:: WORK INSTRUCTION ::
Please output exactly the lines below, starting at the line that has "Epiphone Les Paul" and ending at the line that has "Gucci® Round Sunglasses: GG1090SA", both included; leave out all pictures and include nothing else.
(TASK INPUT Opens)
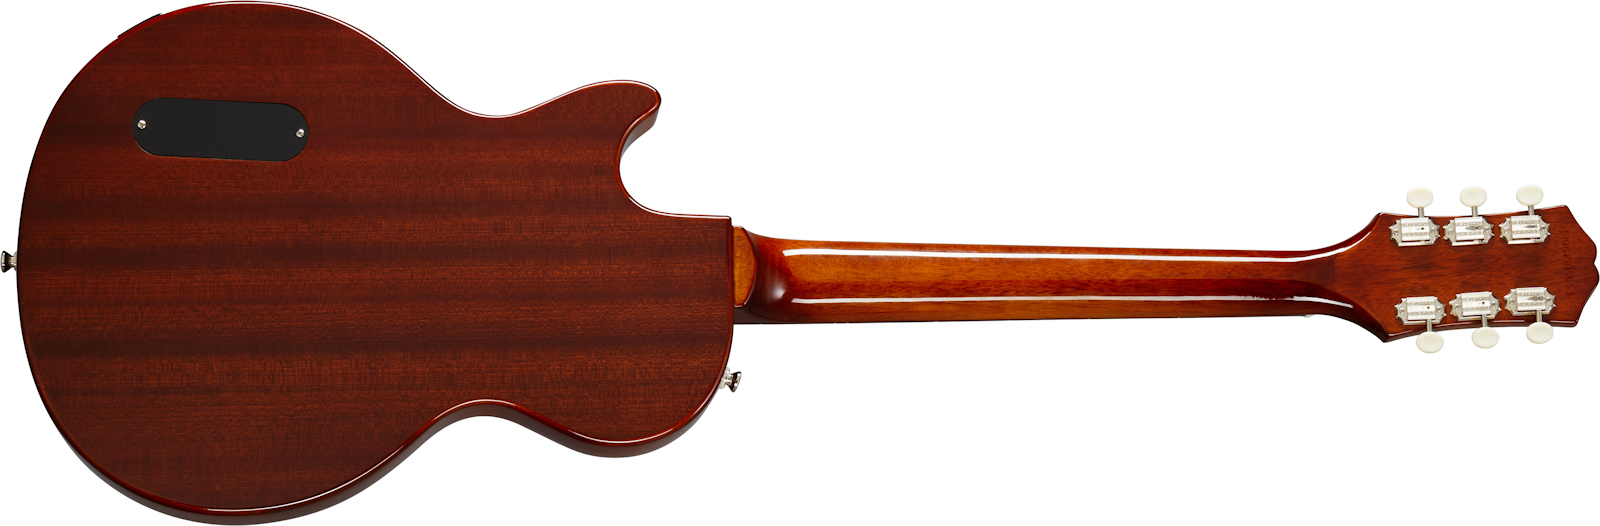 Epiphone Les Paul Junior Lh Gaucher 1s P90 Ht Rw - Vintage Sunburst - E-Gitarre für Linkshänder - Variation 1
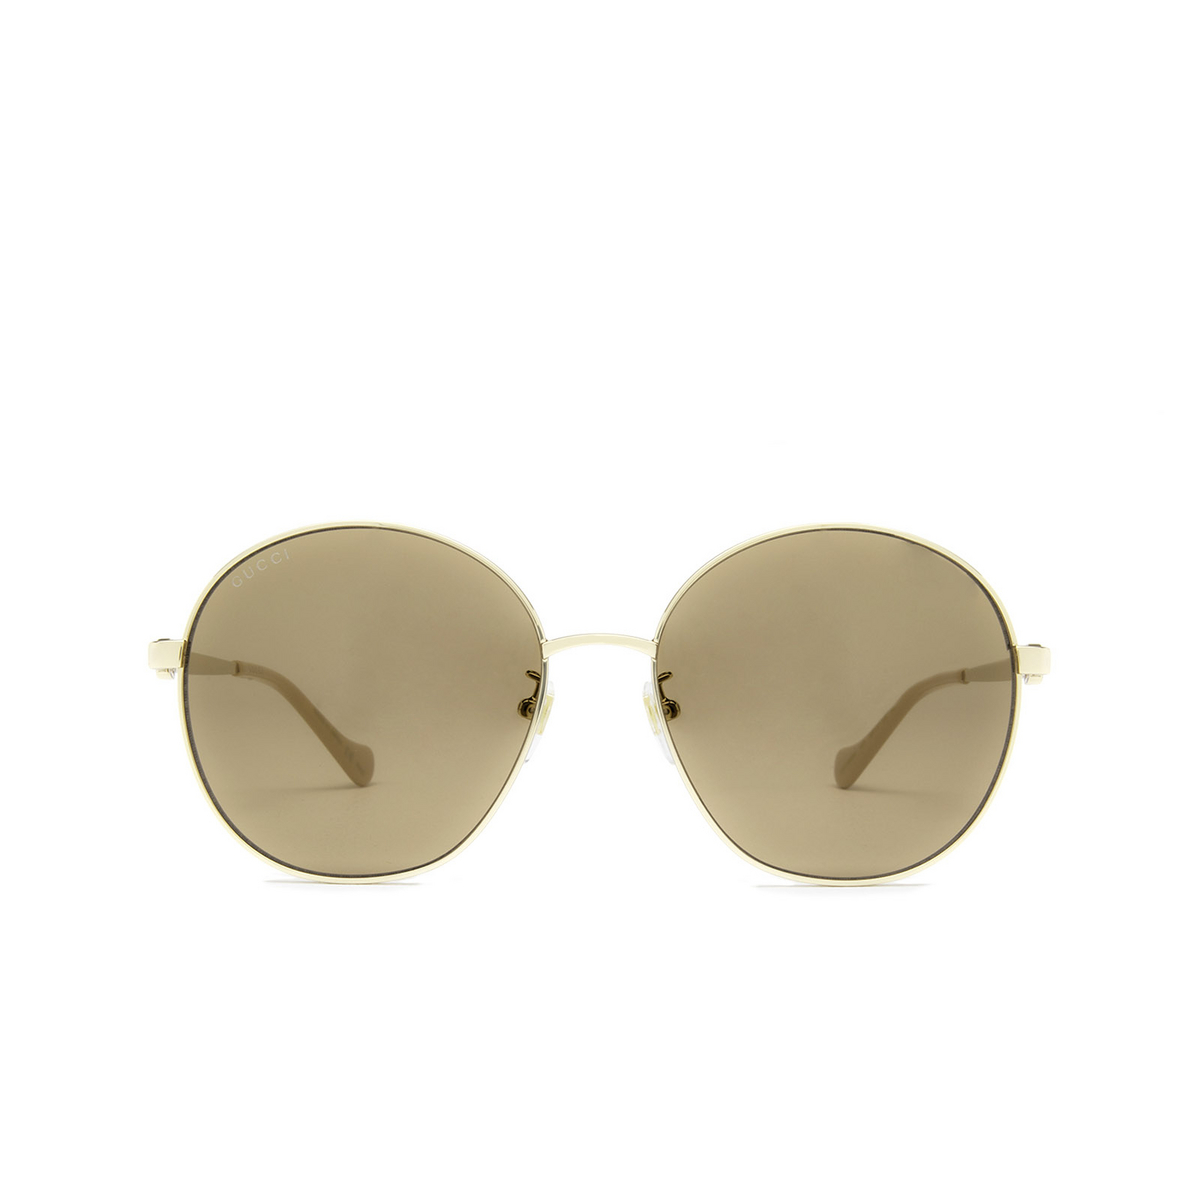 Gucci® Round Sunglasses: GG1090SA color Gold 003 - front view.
(TASK INPUT Closes)
(TASK INPUT Opens)
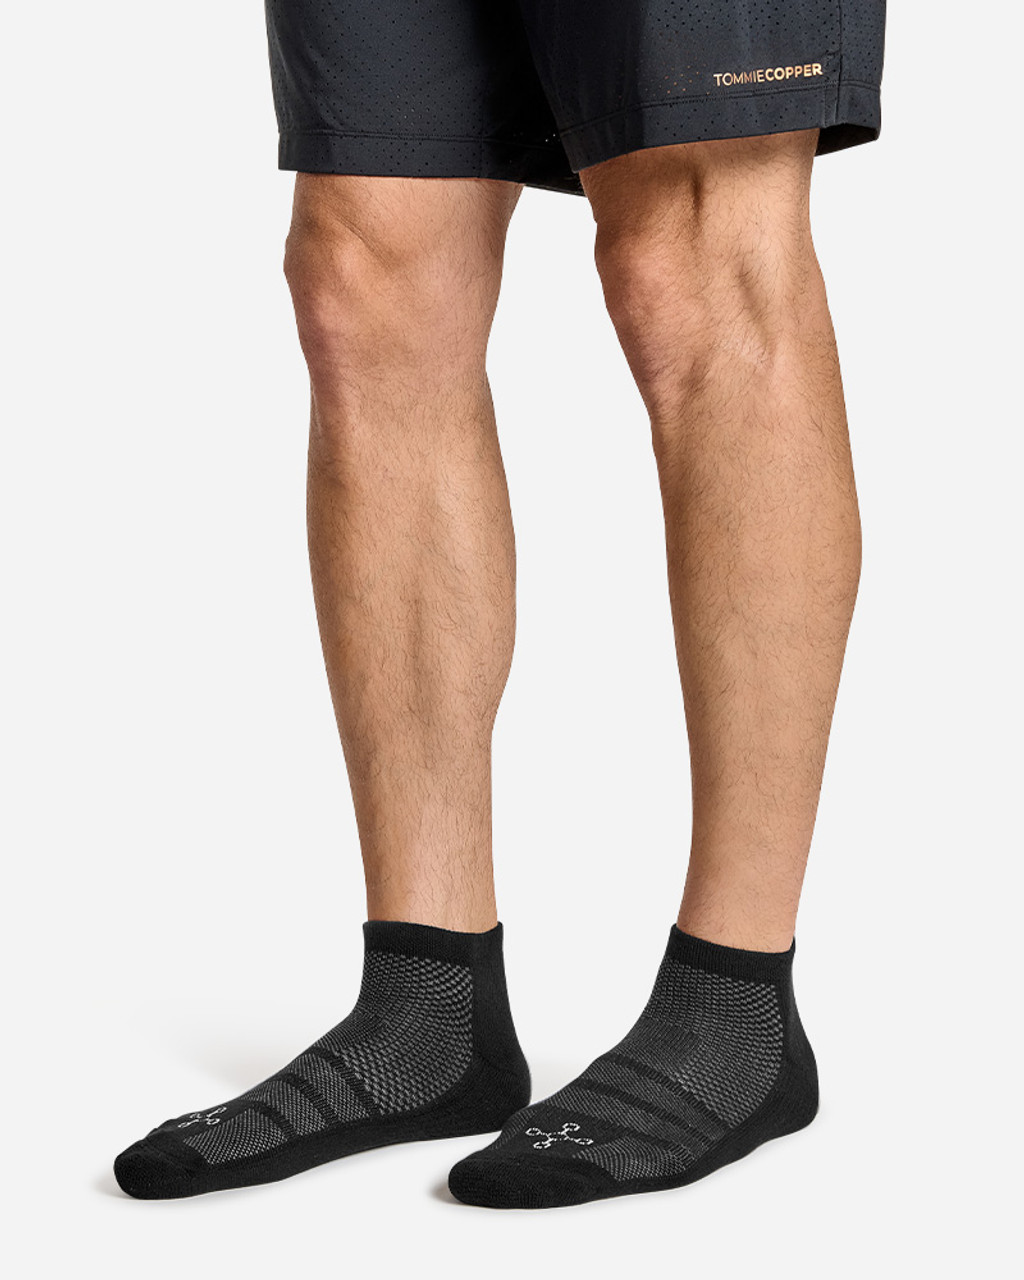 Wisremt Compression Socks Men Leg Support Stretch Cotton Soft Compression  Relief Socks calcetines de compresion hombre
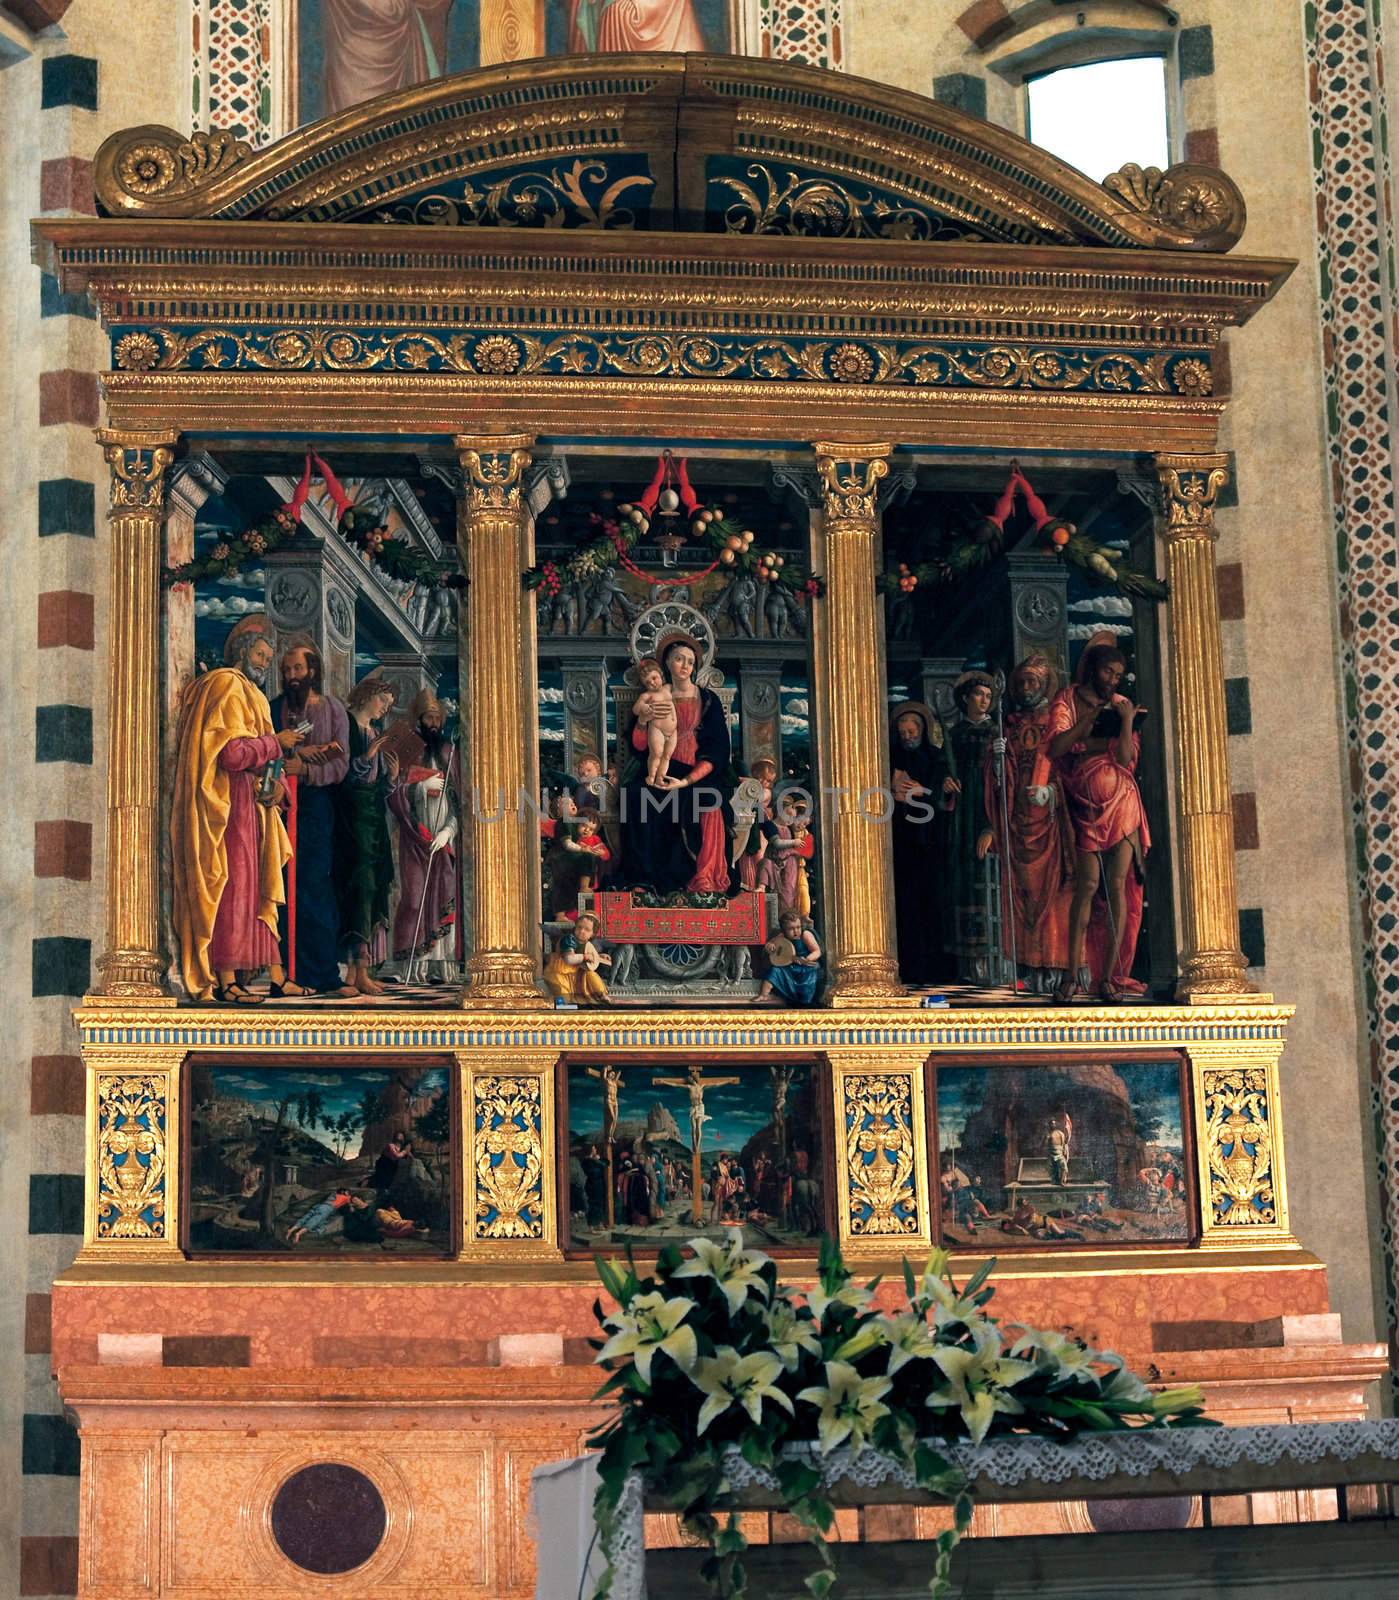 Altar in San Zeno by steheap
(TASK INPUT Closes)
(TASK INPUT Opens)
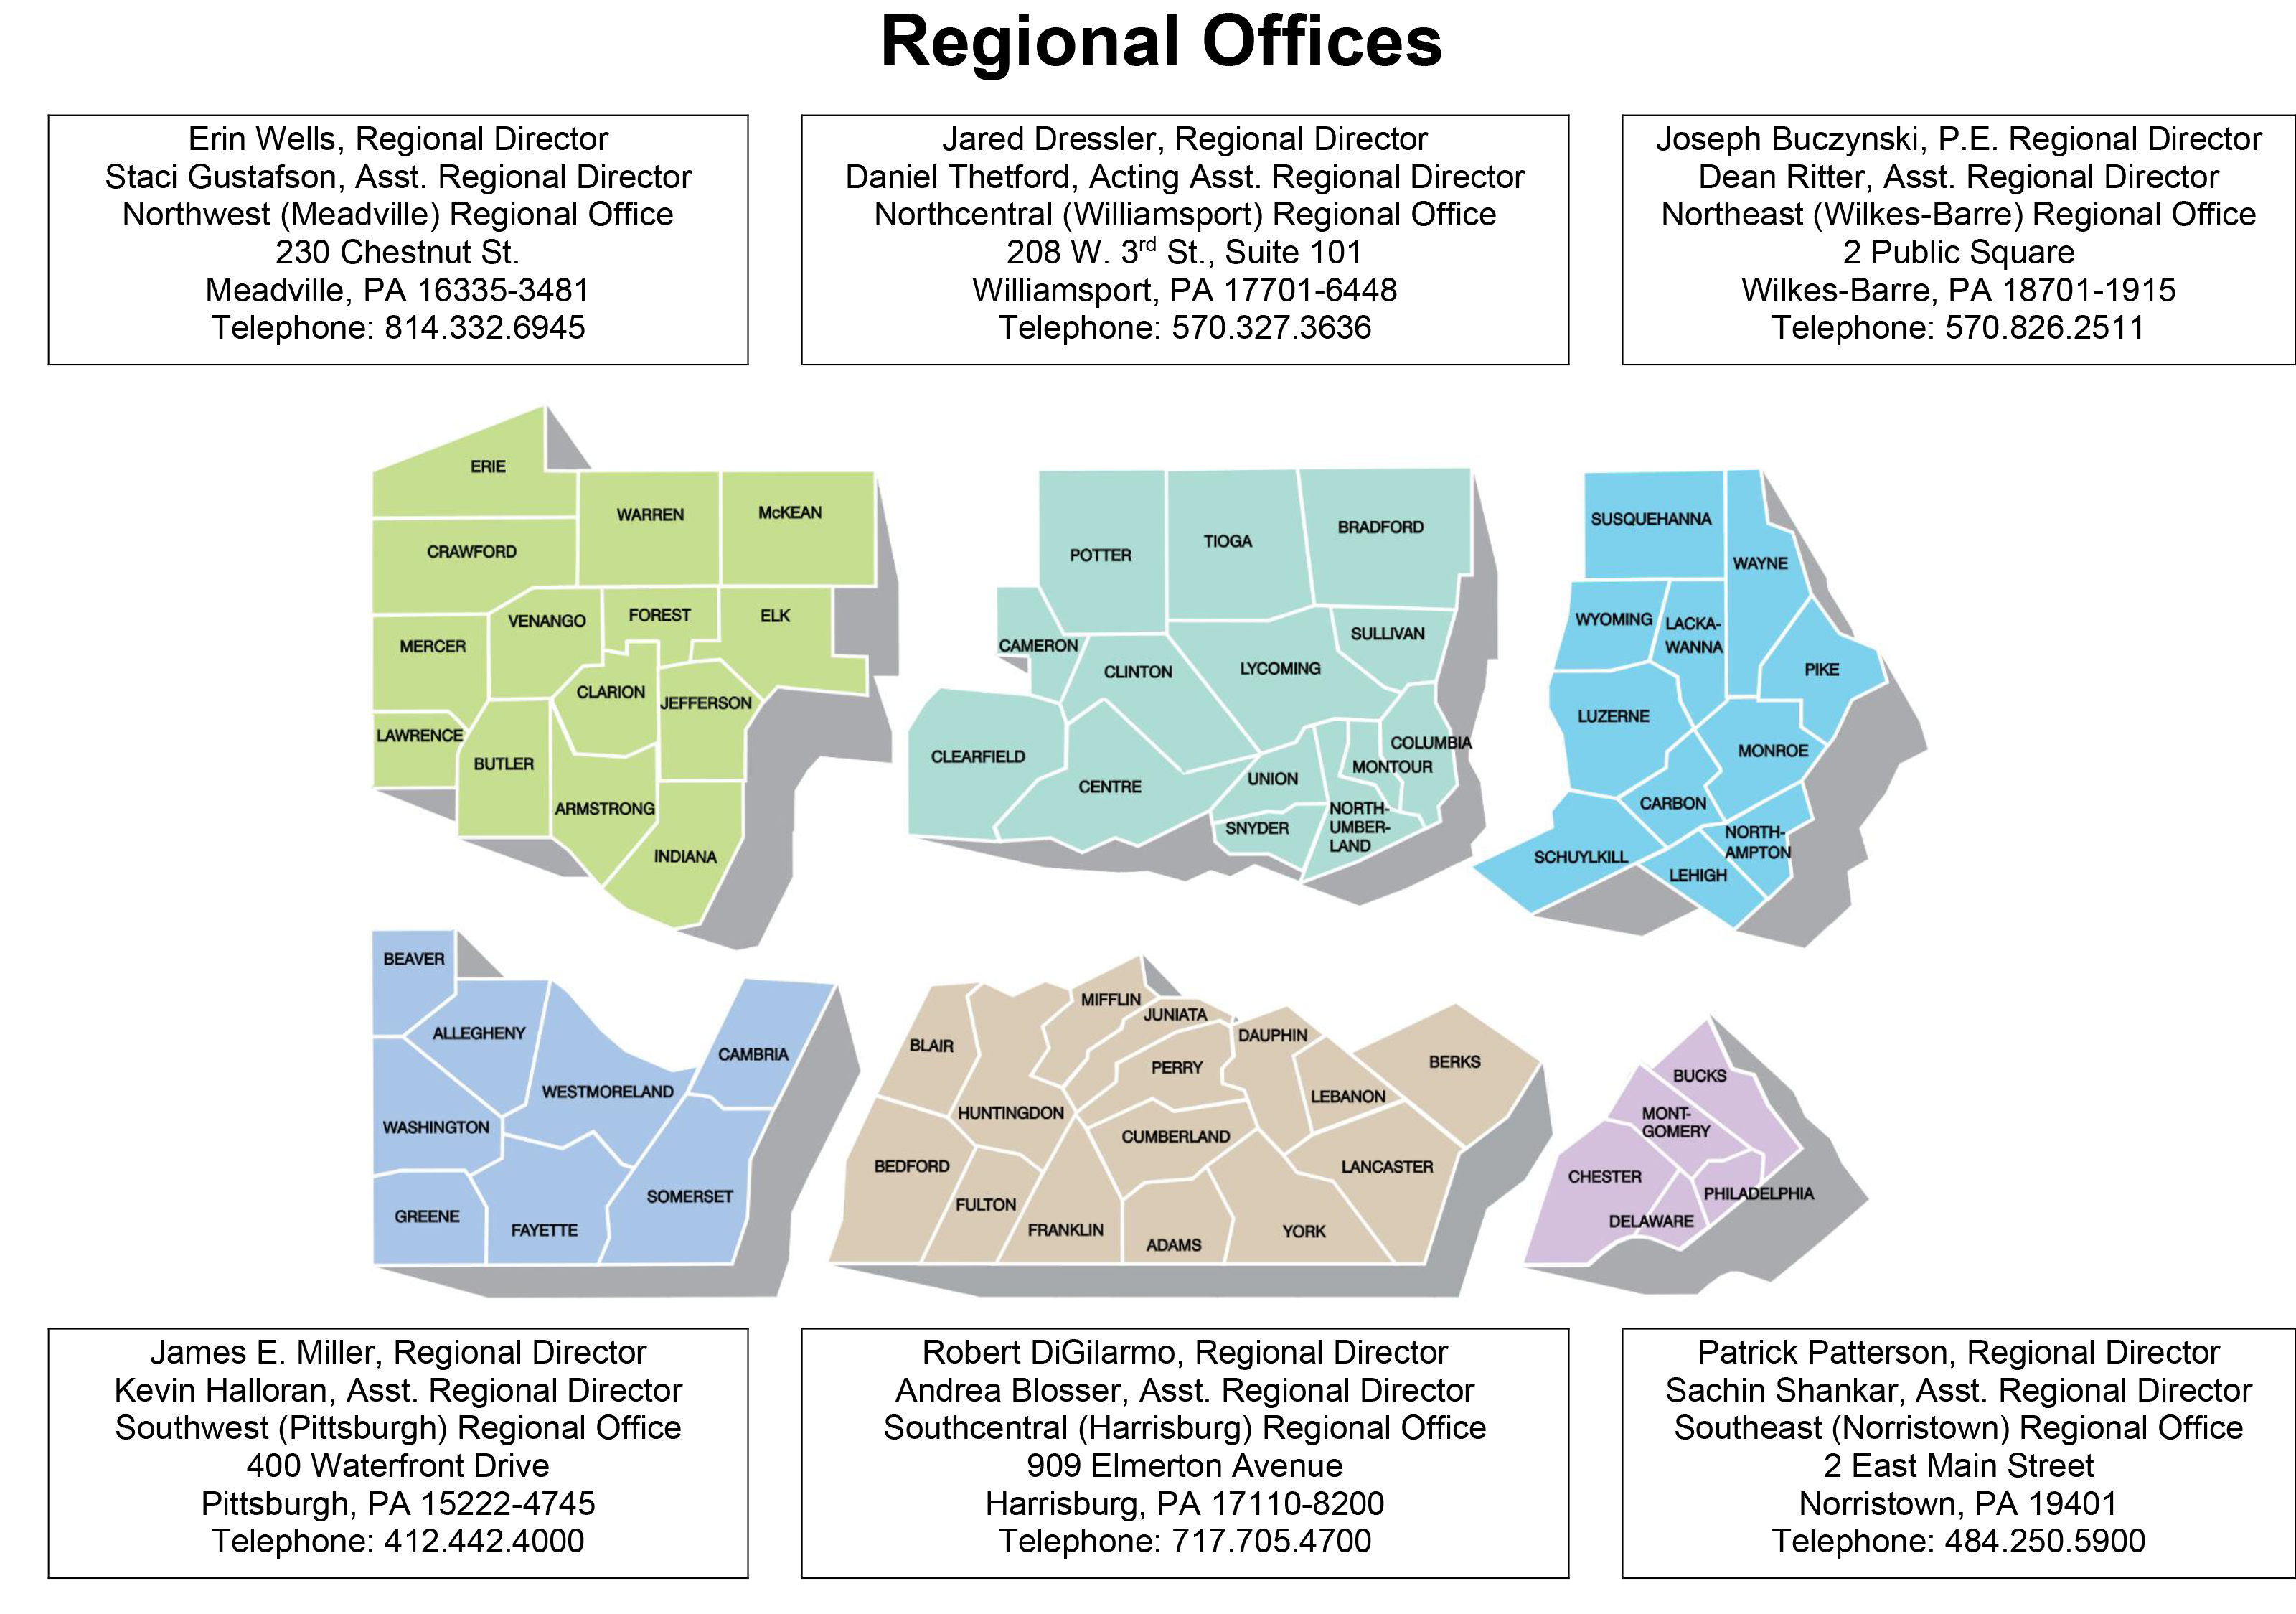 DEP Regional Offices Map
(TASK INPUT Closes)
:: RESULT FOR THIS TASK ::
 Epiphone Les Paul Junior Lh Gaucher 1s P90 Ht Rw - Vintage Sunburst - E-Gitarre für Linkshänder - Variation 1
 Gucci® Round Sunglasses: GG1090SA color Gold 003 - front view.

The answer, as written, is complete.